Abb.: Der Quantensimulator aus Ionen zeigt nach plötzlichem Anschalten des transversalen Magnetfeldes („Quench“) eine oszillierende Magnetisierung. Das Verhalten für schwaches (blau) und starkes (grün) Magnetfeld unterscheiden sich deutlich voneinander. Zwischen ihnen liegt ein dynamischer Phasen­übergang. (Bild: J. Zhang et al.)

Ganz ähnliche, lang anhaltende Oszillationen im Nichtgleichgewichtszustand eines Quanten­vielteilchen­systems haben auch die Forscher um Chris Monroe von der University of Maryland an ihren Ionenketten beobachtet. Hier lieferten zwei Hyper­feinzustände der Ytterbium­ionen die beiden Spin­einstellungen. Die Wechselwirkung zwischen den Spins wurde durch spin­abhängige optische Dipolkräfte von einem Laserfeld hervorgerufen. Dabei fiel die Kraft mit dem atomaren Abstand R etwa wie 1/R ab. Zusätzlich wirkte ein transversales Magnetfeld in z-Richtung, das die Spins aus ihrem positiven oder negativen x-Zustand heraus­zubringen versuchte.

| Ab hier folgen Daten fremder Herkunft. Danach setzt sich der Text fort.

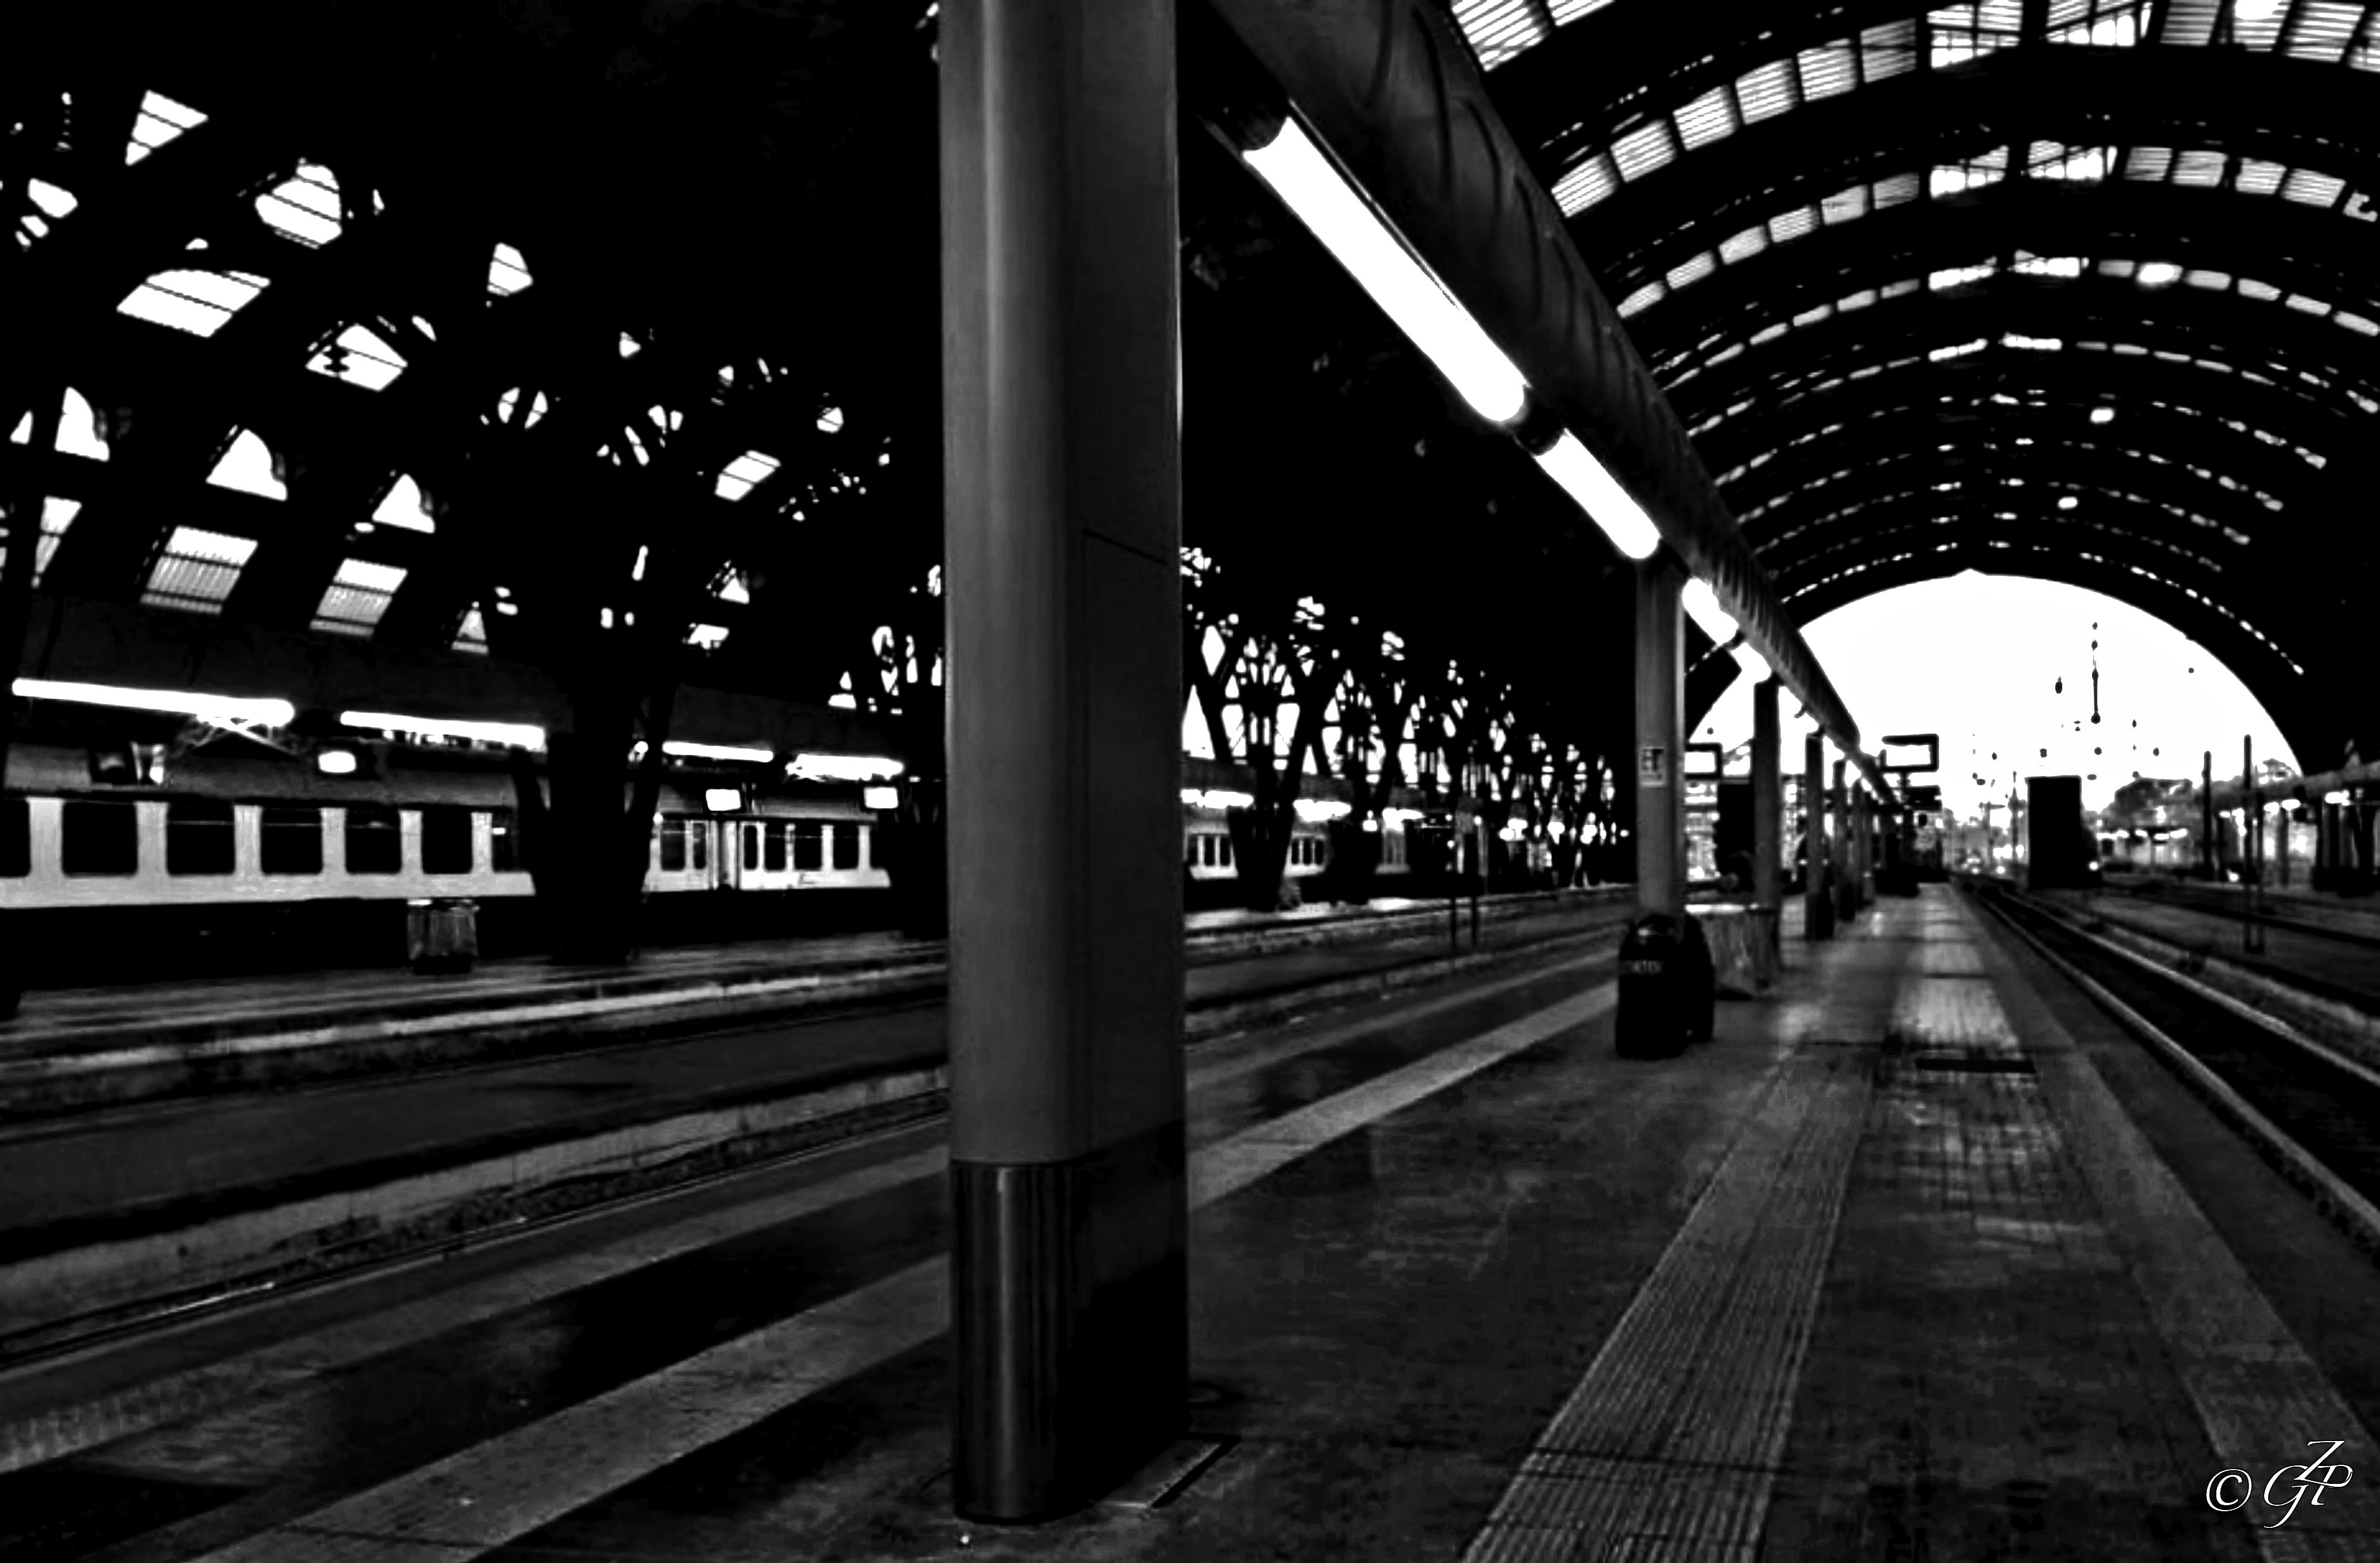 Sfondi Noire Astratto Italia Stazione Ferroviaria Ferrovia

Auch hier wurde der jeweilige Spinzustand wieder durch zustands­abhängige Fluoreszenz der einzelnen Atome ermittelt. Und auch diesmal wurde durch eine plötzliche Parameter­änderung, d. h. durch Anschalten des transversalen Magnetfeldes, das System aus dem Gleichgewicht gebracht. Hatte das Magnetfeld einen hinreichend kleinen Wert, so zeigte der Gesamtspin der Kette nur kleine Oszillationen um die ursprüngliche negative x-Ausrichtung. Für ein hinreichend großes Magnetfeld fand indes ein Quanten­phasen­übergang statt und der Spin präzedierte nun relativ lange um das Magnetfeld längs der positiven z-Richtung.

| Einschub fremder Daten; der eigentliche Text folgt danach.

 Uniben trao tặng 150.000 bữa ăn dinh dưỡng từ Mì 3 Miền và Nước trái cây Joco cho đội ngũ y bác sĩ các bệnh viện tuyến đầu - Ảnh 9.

Dieser Phasenübergang zeigte sich auch bei der Paarkorrelation zwischen Spins und bei der (über viele Wiederholungen des Experiments) gemittelten Ausdehnung der jeweils größten Spindomäne in einer Kette von 53 Ionen. Die Korrelation und die Domänen­größe nahmen zunächst mit zunehmendem transversalen Magnetfeld rasch ab. Doch am kritischen Punkt kehrte sich ihr Verhalten um und beide nahmen wieder zu. Dieses System mit einem herkömmlichen Computer zu simulieren, ist angesichts der astronomisch großen Zahl (ca. 253= 9 × 1015) von beteiligten Spin­konfigurationen praktisch aussichtslos.

Beide Experimente, mit Rydberg-Atomen wie mit Ionen, dringen tief in wissenschaftliches Neuland ein. Sie zeigen, dass Quanten­simulatoren mit mehr als fünfzig Spins das Nichtgleichgewichtsverhalten von Quanten­vielteilchen­system zuverlässig untersuchen können und dabei interessante Phänomene aufspüren. Beide Forscher­gruppen sind zuversichtlich, dass sie noch wesentlich mehr neutrale Atome bzw. Ionen kontrolliert manipulieren können. Damit werden nicht nur leistungs­fähigere Quanten­simulatoren möglich, sondern vielleicht auch universelle Quantencomputer.